Currently, Ypsilanti pays about $170,500 per year to the bus system to help cover the costs of the seven routes operating between Ann Arbor and Ypsilanti. Next year, the city plans to halve its annual payment, which would result in the elimination of two routes this year. By 2009, all routes to Ypsilanti could be dropped.

The loss of these routes will leave a noticeable mark on the county as a whole. It will decrease access to other cities within the county and especially hurt commuters who live in Ypsilanti and work in Ann Arbor. As housing costs continue to rise, affordable housing in Ann Arbor has become increasingly scarce. For many, Ypsilanti has become an accessible and practical alternative. Thanks to bus services, workers and students who spend their days in Ann Arbor have been able to commute and keep down their costs of living. This is not just Ypsilanti’s problem – the bus system benefits all of Washtenaw County and its residents, and the loss of these routes will hurt the entire area.

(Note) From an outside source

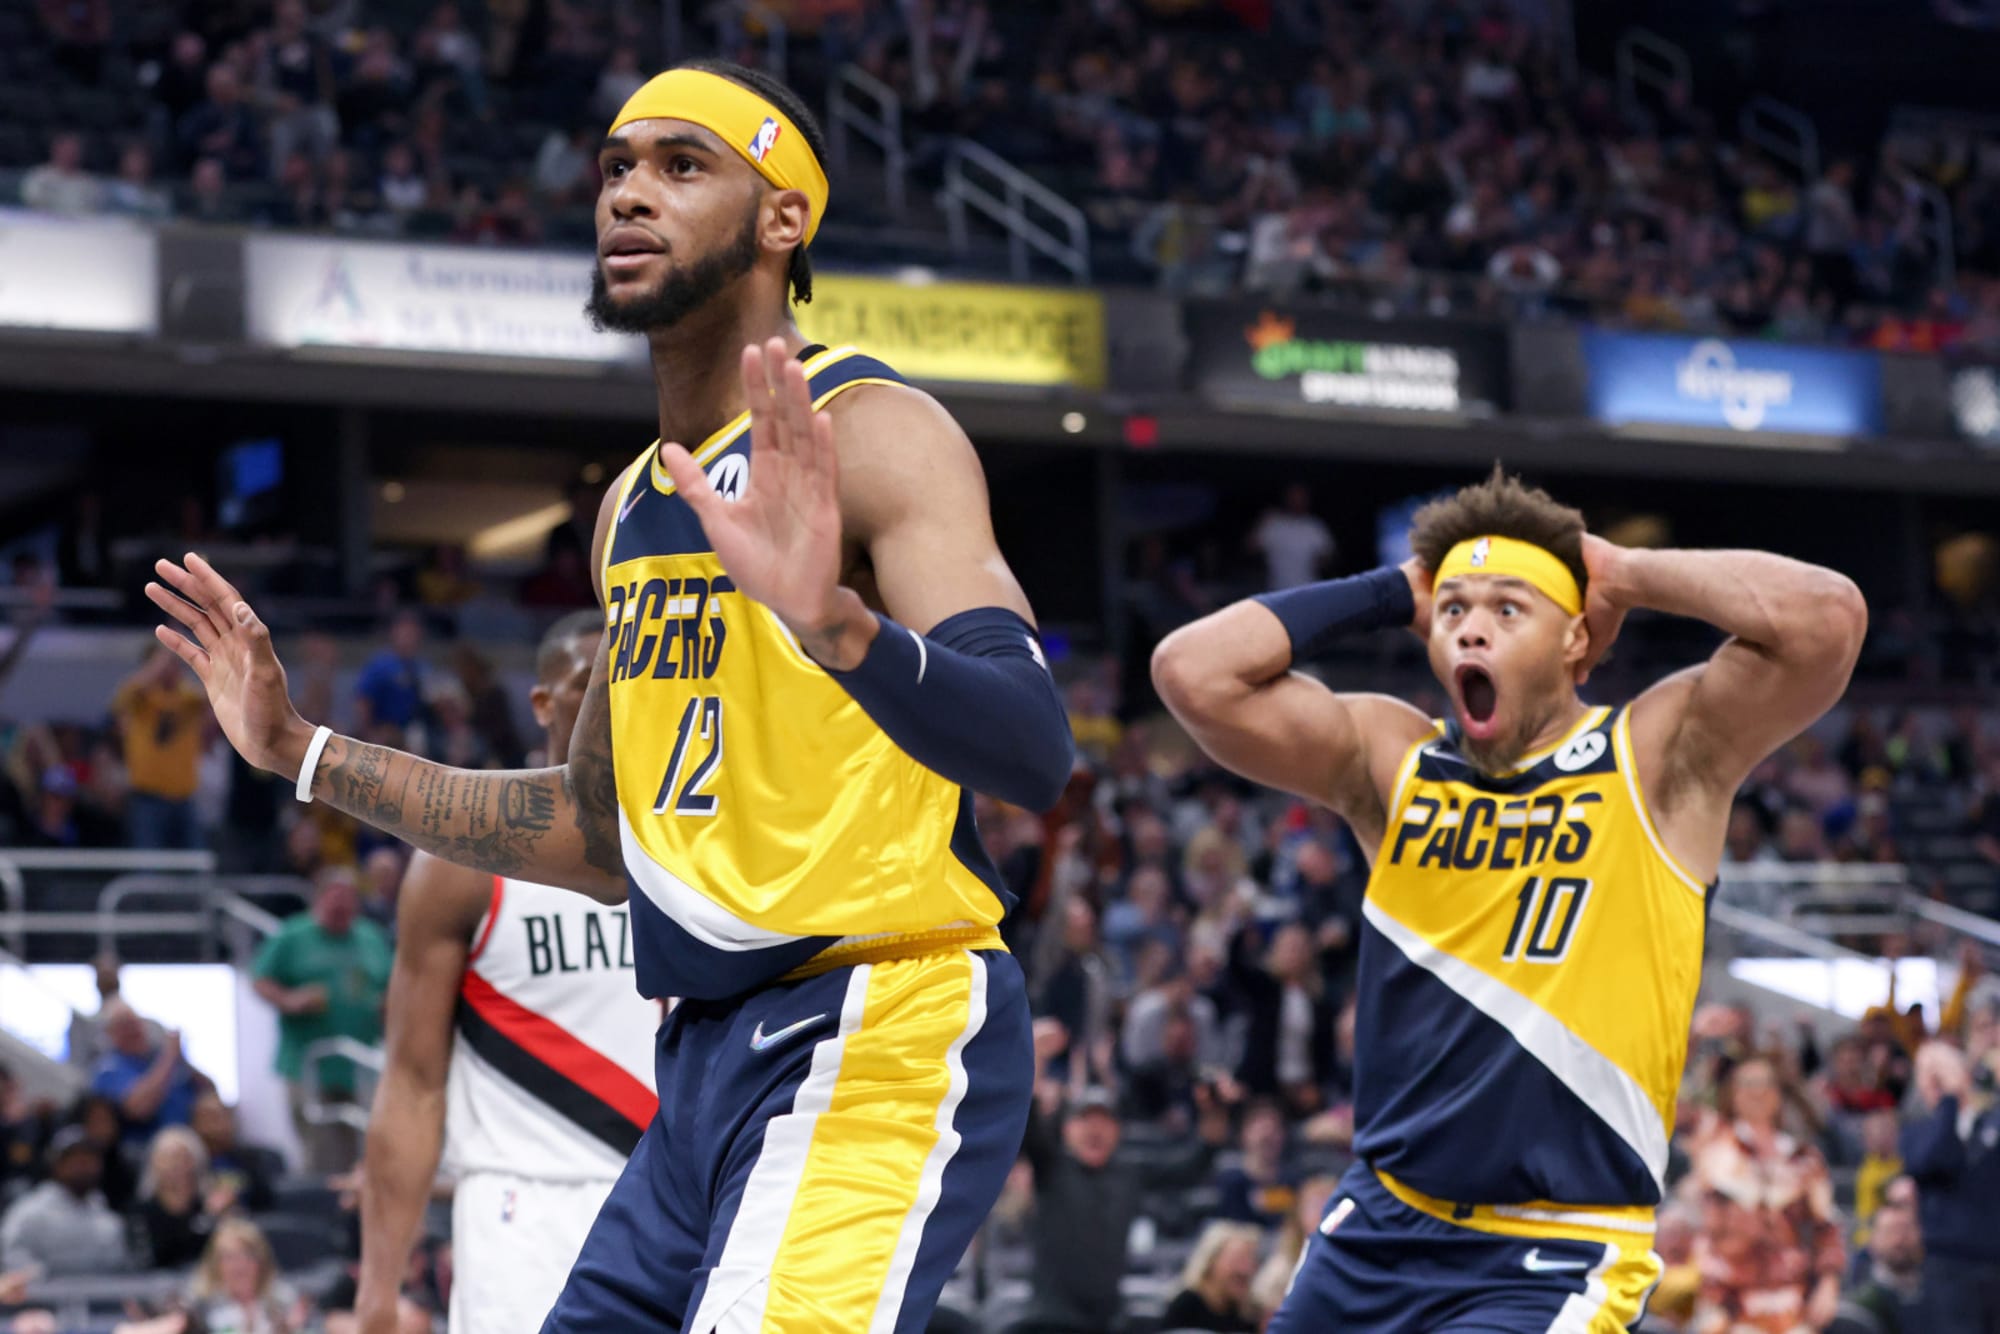 Indiana Pacers on X: 9⃣5⃣3⃣5⃣ the squad set a new NBA

Excepting the few brave bikers, power-walkers or cross-country skiers, driving between Ann Arbor and Ypsilanti may be the only remaining option for commuters three years from now. In addition to further exacerbating Ann Arbor’s traffic and parking problems, this cut would disproportionately harm poorer residents of Washtenaw County, especially Ypsilanti residents.

When Ann Arbor’s old YMCA closed down, its low-income residents were relocated to Ypsilanti, and they depend on buses to commute to work in Ann Arbor. Many of those who rely on buses do not even have the option of taking their chances with parking; the buses are vital for the livelihood of many of this county’s residents.

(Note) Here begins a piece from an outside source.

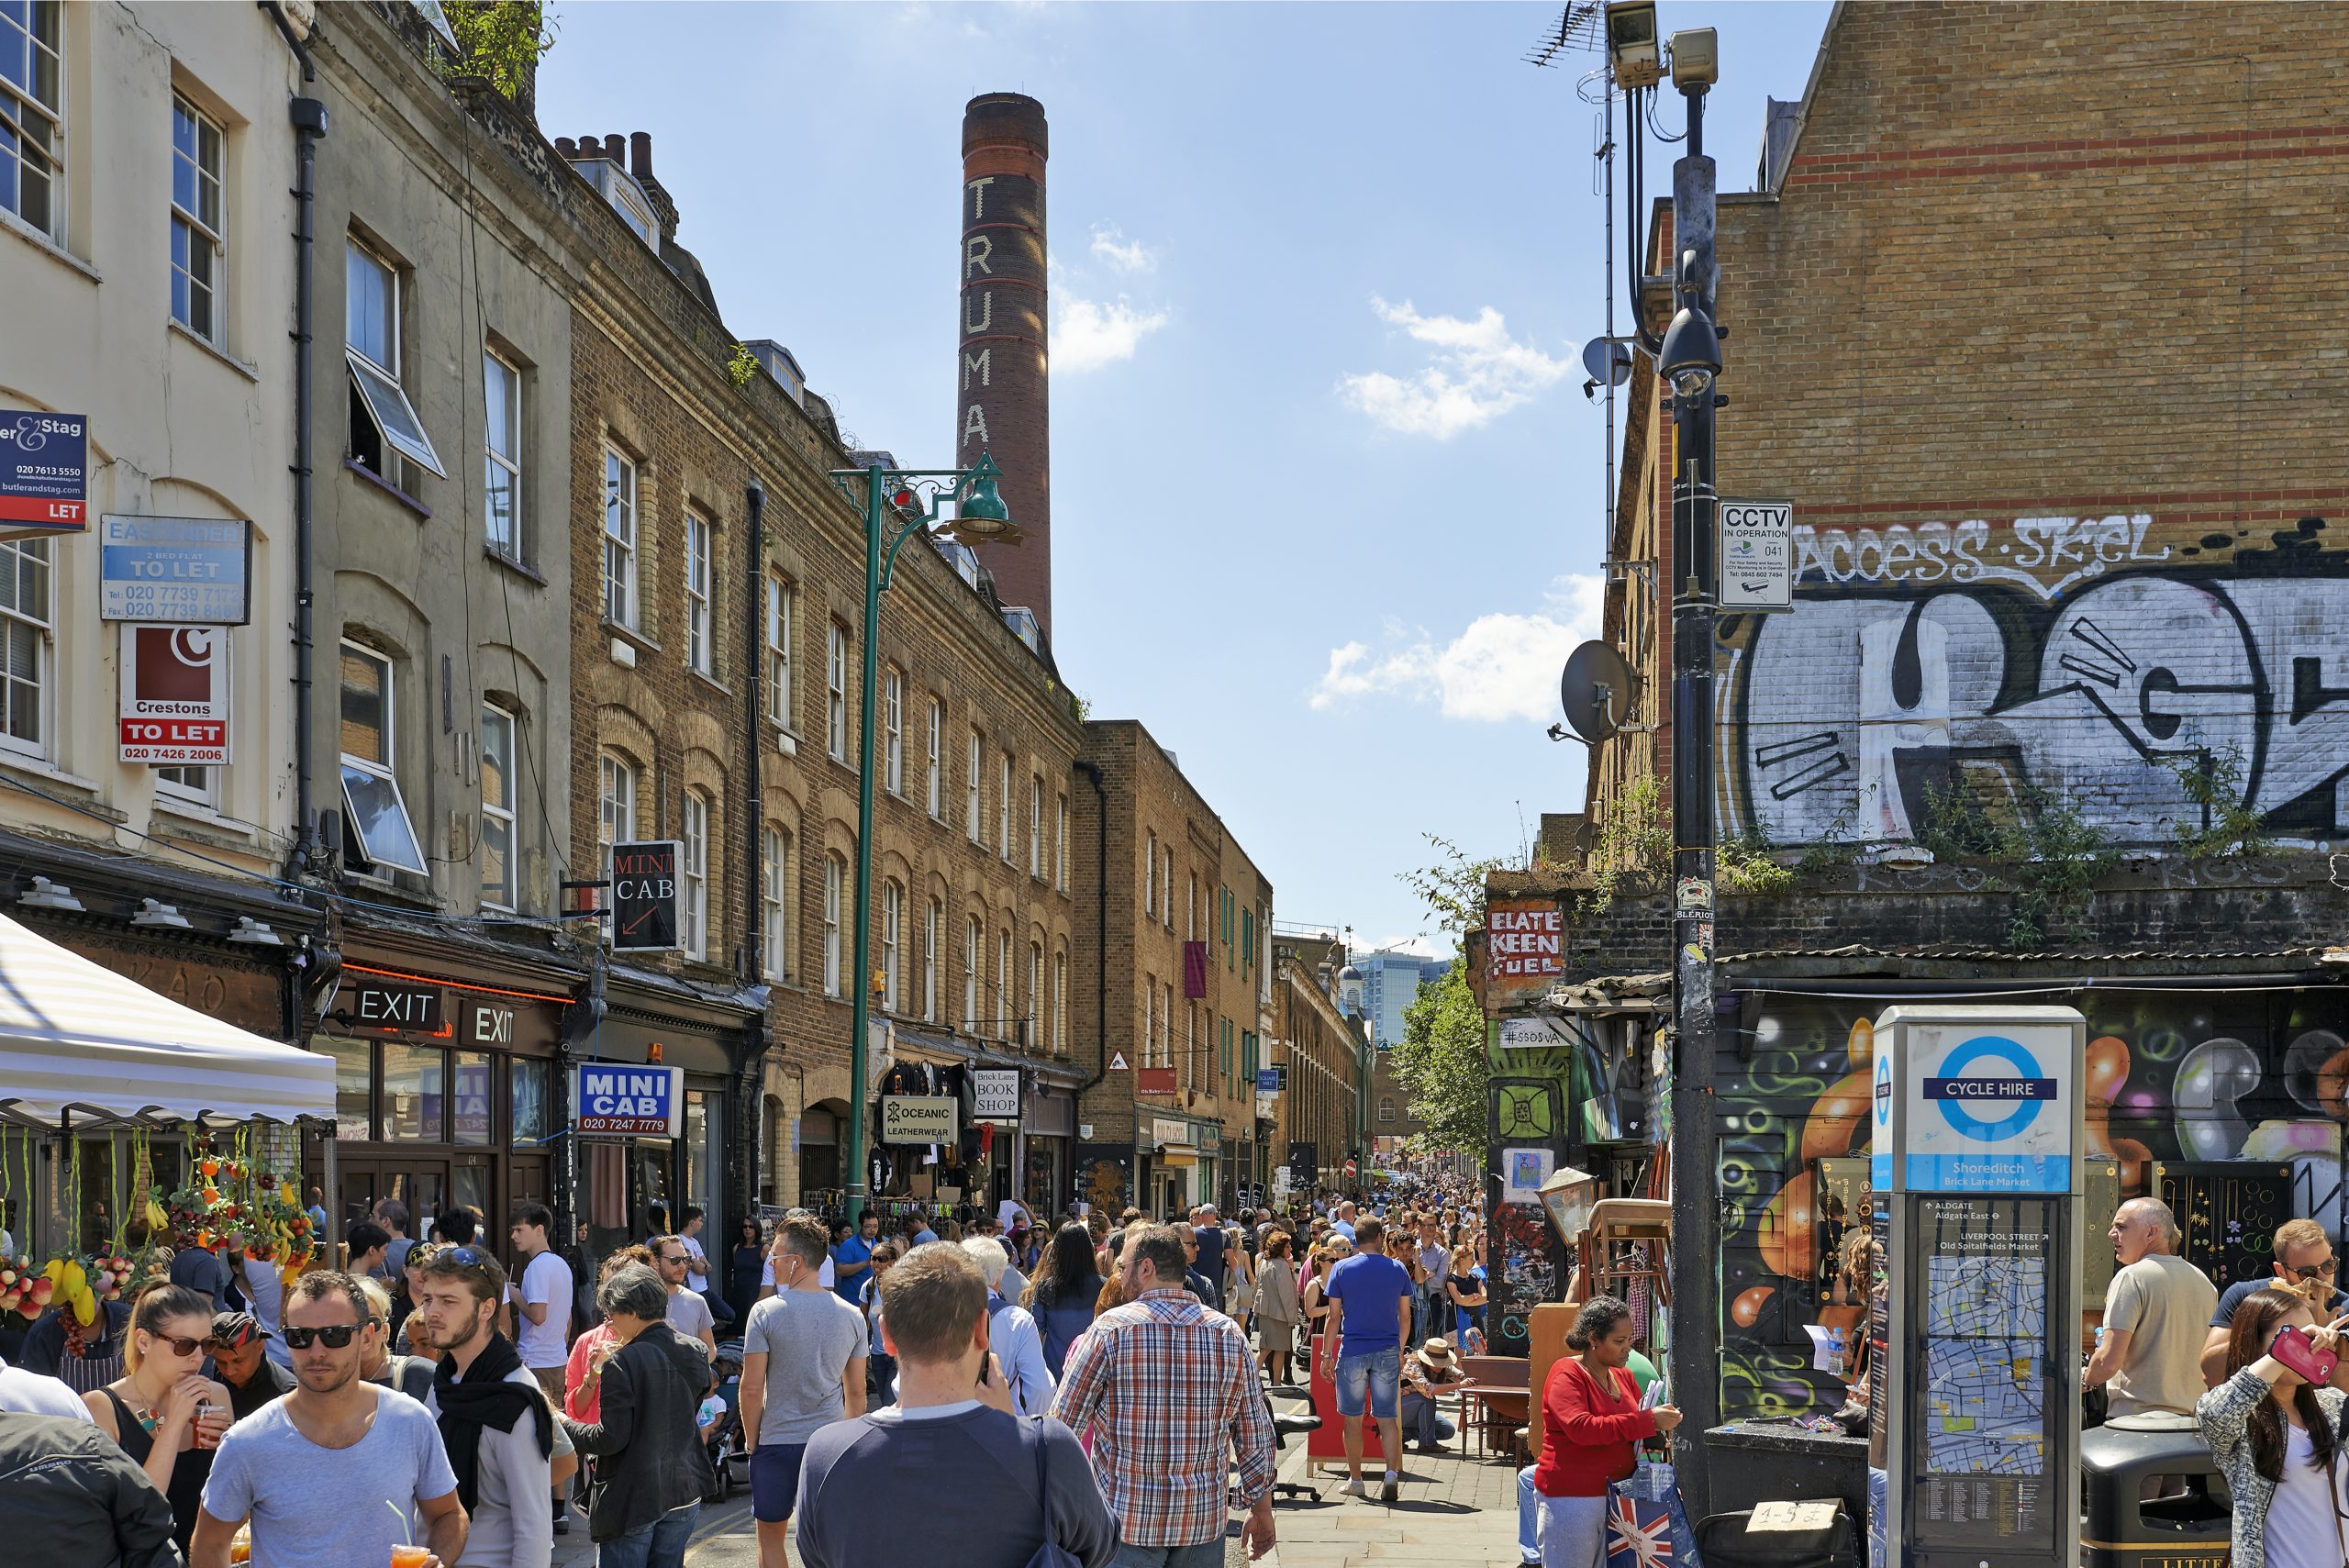 Retail Gazette speaks to experts to discuss the role retailers play in the fine line between regeneration and gentrification and the state of UK high streets post-coronavirus.

In theory, rates might be raised to increase revenue and keep the buses running. However, this is not a desirable option in this situation because increased rates could affect poorer residents and decrease ridership overall. Instead, other cites in the county should help finance the bus system and keep it from crumbling. A reliable and affordable bus system provides a needed link within Washtenaw County and makes Ann Arbor more accessible. Although just miles down the road, in three years’ time, Ypsilanti and Ann Arbor could be two entirely separate, traffic-congested worlds. Regional cooperation is vital on this issue; all cities benefit from the buses, and they should all help maintain the system.